9. What would you have been if you had not been a medical doctor?

The curious thing is that I didn't want to be a doctor. I didn't have in my mind during the high school to be a physician. I wanted to be an architect or a singer because I used to play guitar and sing. But in my family, we had my dad that was a doctor and my mother wanted me to be a doctor. So I started the medical school and in the first year it was not really easy to do it, because as you may know, when you are not really directed in that way, in your mind the first examination, they were not so brilliant. Then I want you to remember what Albert Einstein used to say that, “Curiosity is more important than knowledge.” So as far as I'm a curious guy, I got involved in this new field that was the human body, and then year after year, I was much more involved with that. I would change a little bit what Albert Einstein said and is that, curiosity drives you to the knowledge because you need of course the knowledge, but the knowledge is something that come after the need to discover, to see, to acquire new perspective horizons in your life.


10. What are your interests and hobbies outside medicine?

I didn't practice much my hobbies during my life because I was really involved in the job. And as I told you before, something that is not in contrast, my job with my life, even my family, they are really involved in it in the way that they never asked me to be more at home. It was probably useful. Because I spent for a long time, more than ten hours per day in the hospital. 

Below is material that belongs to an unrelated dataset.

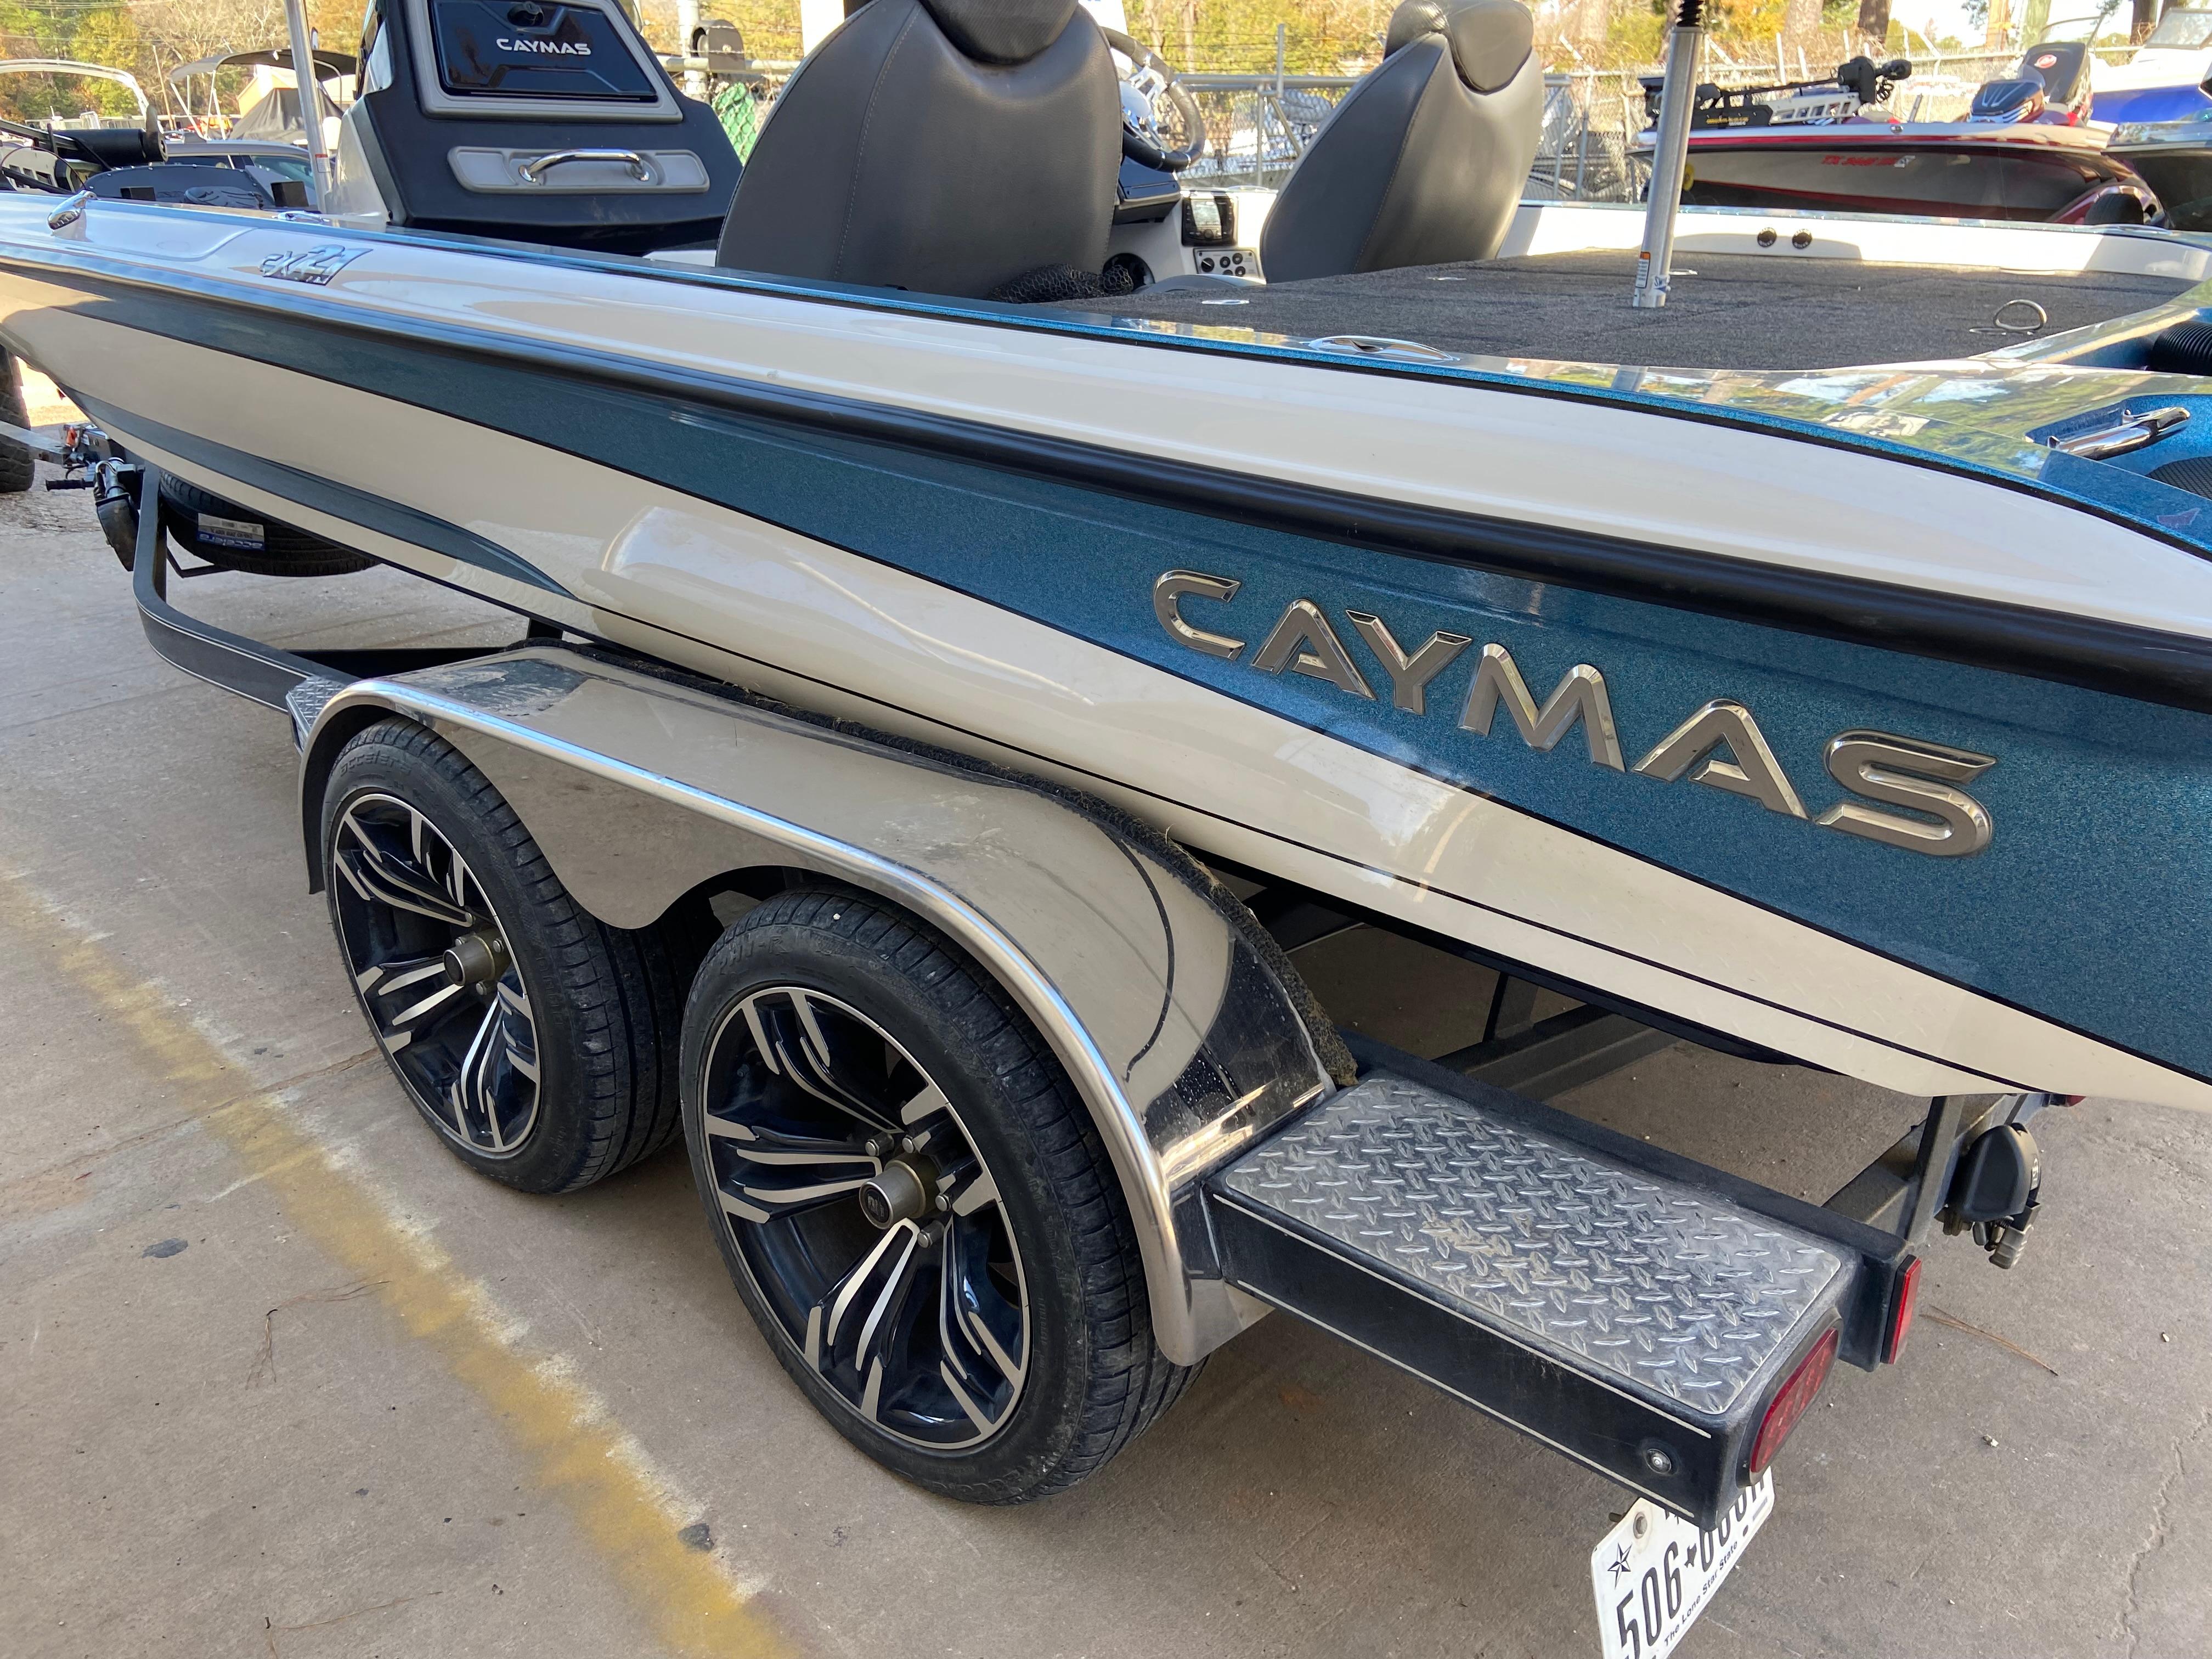 2021 Caymas CX 21 PRO Bass for sale - YachtWorld

But in any case, you know, as I told you before, some of my lectures are about architecture, historical cities, discovery. And of course, I still play my guitar and I sing sometimes, and I feel that is something that is good for your soul. 

In the last years, as I bought a house in the countryside, I became a gardener. You know, I like very much to see the trees grow up and be involved in anything that is growing from the ground. This is my new passion.